1.18.5 The Cat’s Path
Once we have a breadth-first search all sorted out, we can use it to build a function that determines where the shortest paths from the cat’s current position to the boundary are.
The function on-cats-path? accepts a world and returns a predicate on the posns in the world. The predicate indicates if the given posn is on the shortest path.
For example, in a world of size 7 with the cat at (make-posn 2 2), the circles with white centers are on the shortest path to the boundary:
So we can formulate two test cases using this world, one in the white circles and one not:
(let ([on-the-path? (on-cats-path? (make-world (empty-board 7) (make-posn 2 2) 'playing 7 #f #t))]) (test (on-the-path? (make-posn 1 0)) #t) (test (on-the-path? (make-posn 4 4)) #f))
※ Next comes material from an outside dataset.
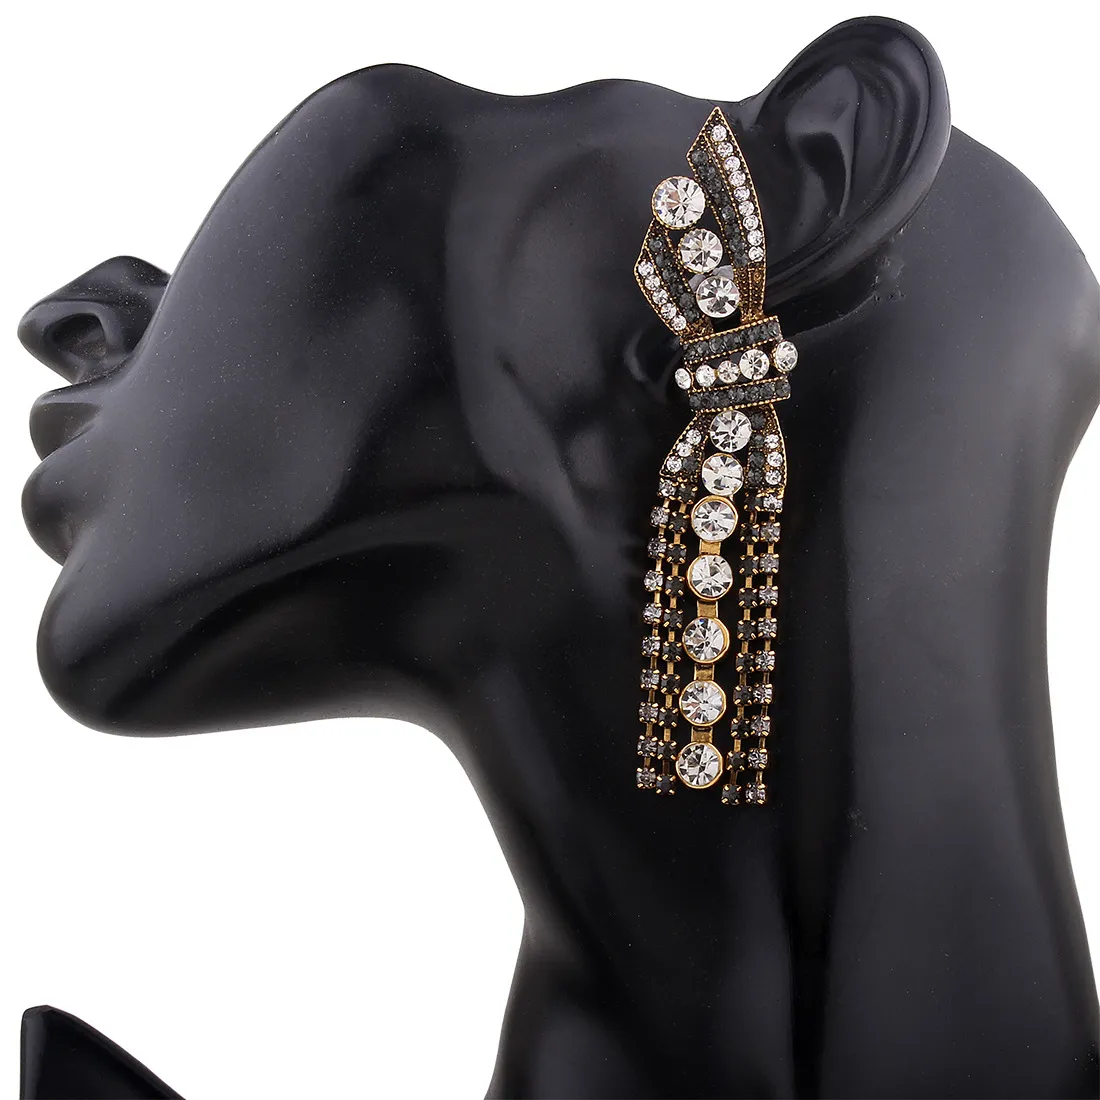 New Brand Claw Crystal statement Stud earrings for women Fashion rock jewelry Rhinestone Tassel earrings pendant Vintage Brincos Bijoux

The computation of the shortest path to the boundary proceeds by computing two distance maps; the distance map to the boundary and the distance map to the cat. Then, a node is on one of the shortest paths if the distance to the cat plus the distance to the boundary is equal to the distance from the cat to the boundary.
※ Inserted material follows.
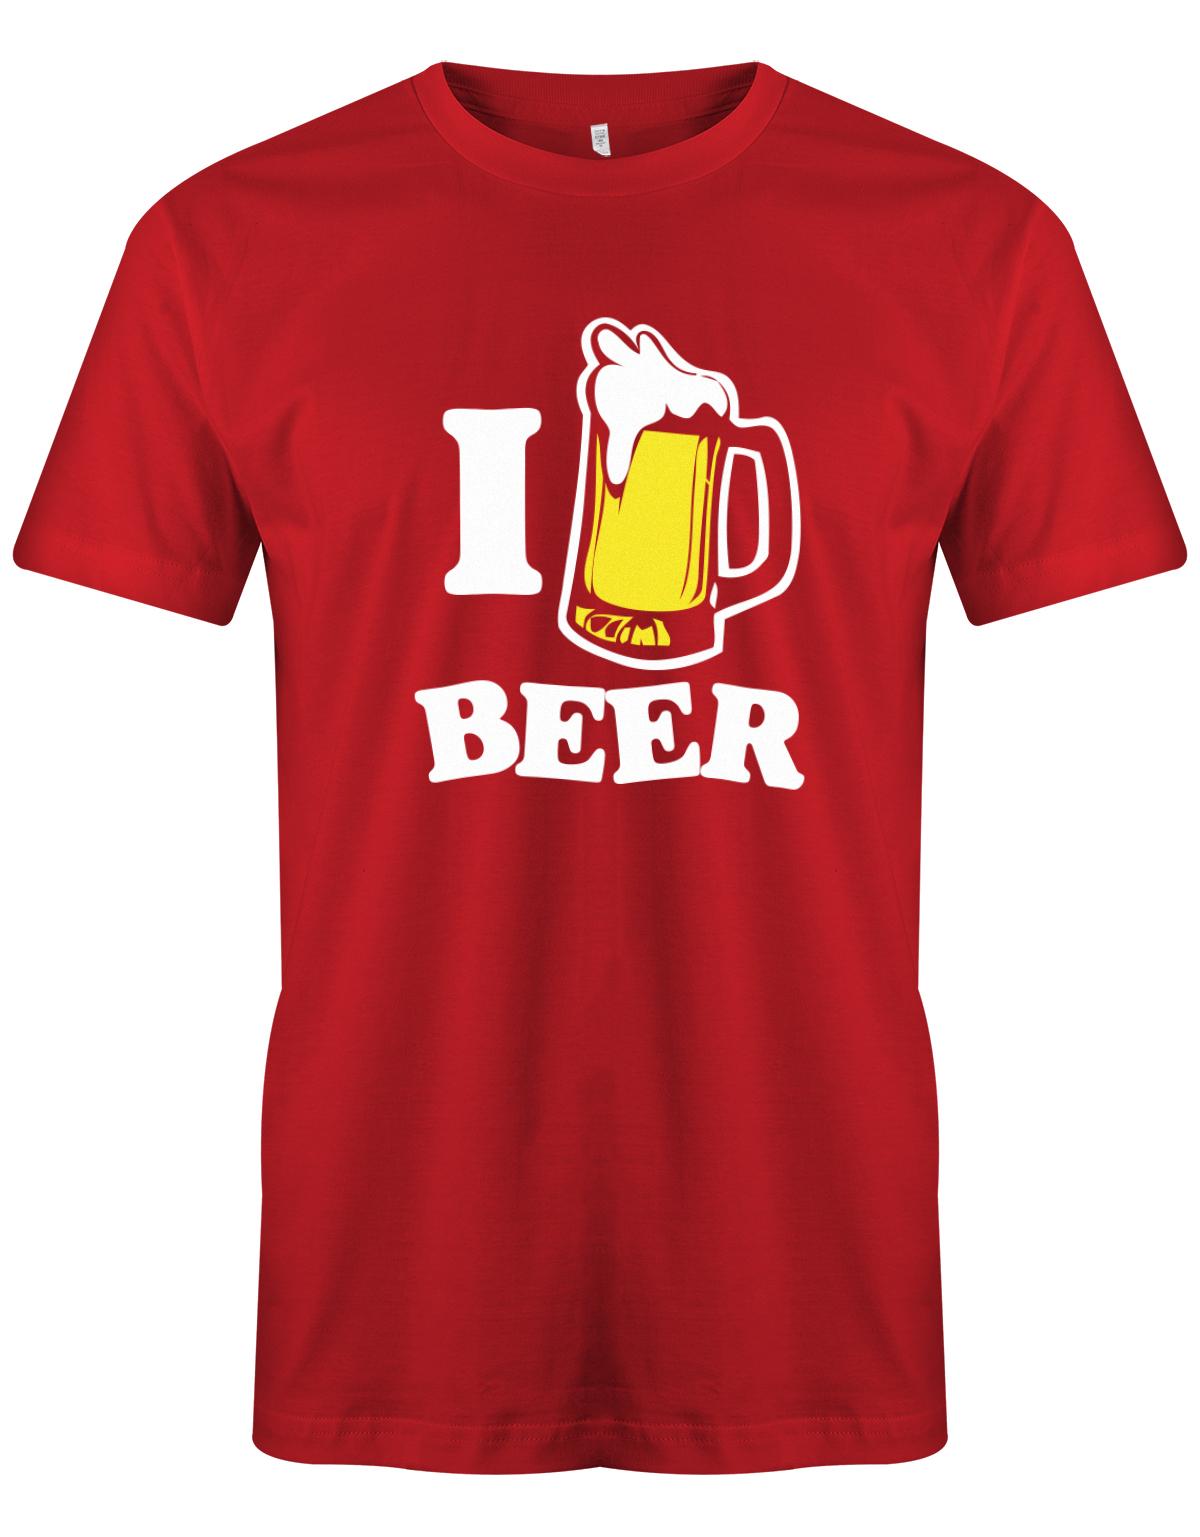 I-love-Beer-herren-bier-Shirt-Rot

The code is essentially that, plus two other special cases. Specifically if the “h” key is not pressed down, then we just consider no cells to be on that shortest path. And if the distance to the cat is '∞, then again no nodes are on the path. The second situation happens when the cat is completely boxed in and has lost the game.
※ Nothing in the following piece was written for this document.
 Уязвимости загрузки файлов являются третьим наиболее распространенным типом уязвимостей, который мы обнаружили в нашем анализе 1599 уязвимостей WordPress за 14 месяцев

(define/contract (on-cats-path? w) (-> world? (-> posn? boolean?)) (cond [(world-help? w) (let () (define edge-distance-map (build-bfs-table w 'boundary)) (define cat-distance-map (build-bfs-table w (world-cat w))) (define cat-distance (lookup-in-table edge-distance-map (world-cat w))) (cond [(equal? cat-distance '∞) (lambda (p) #f)] [else (lambda (p) (equal? (+/f (lookup-in-table cat-distance-map p) (lookup-in-table edge-distance-map p)) cat-distance))]))] [else (lambda (p) #f)]))
Finally, the helper function +/f is just like +, except that it returns '∞ if either argument is '∞.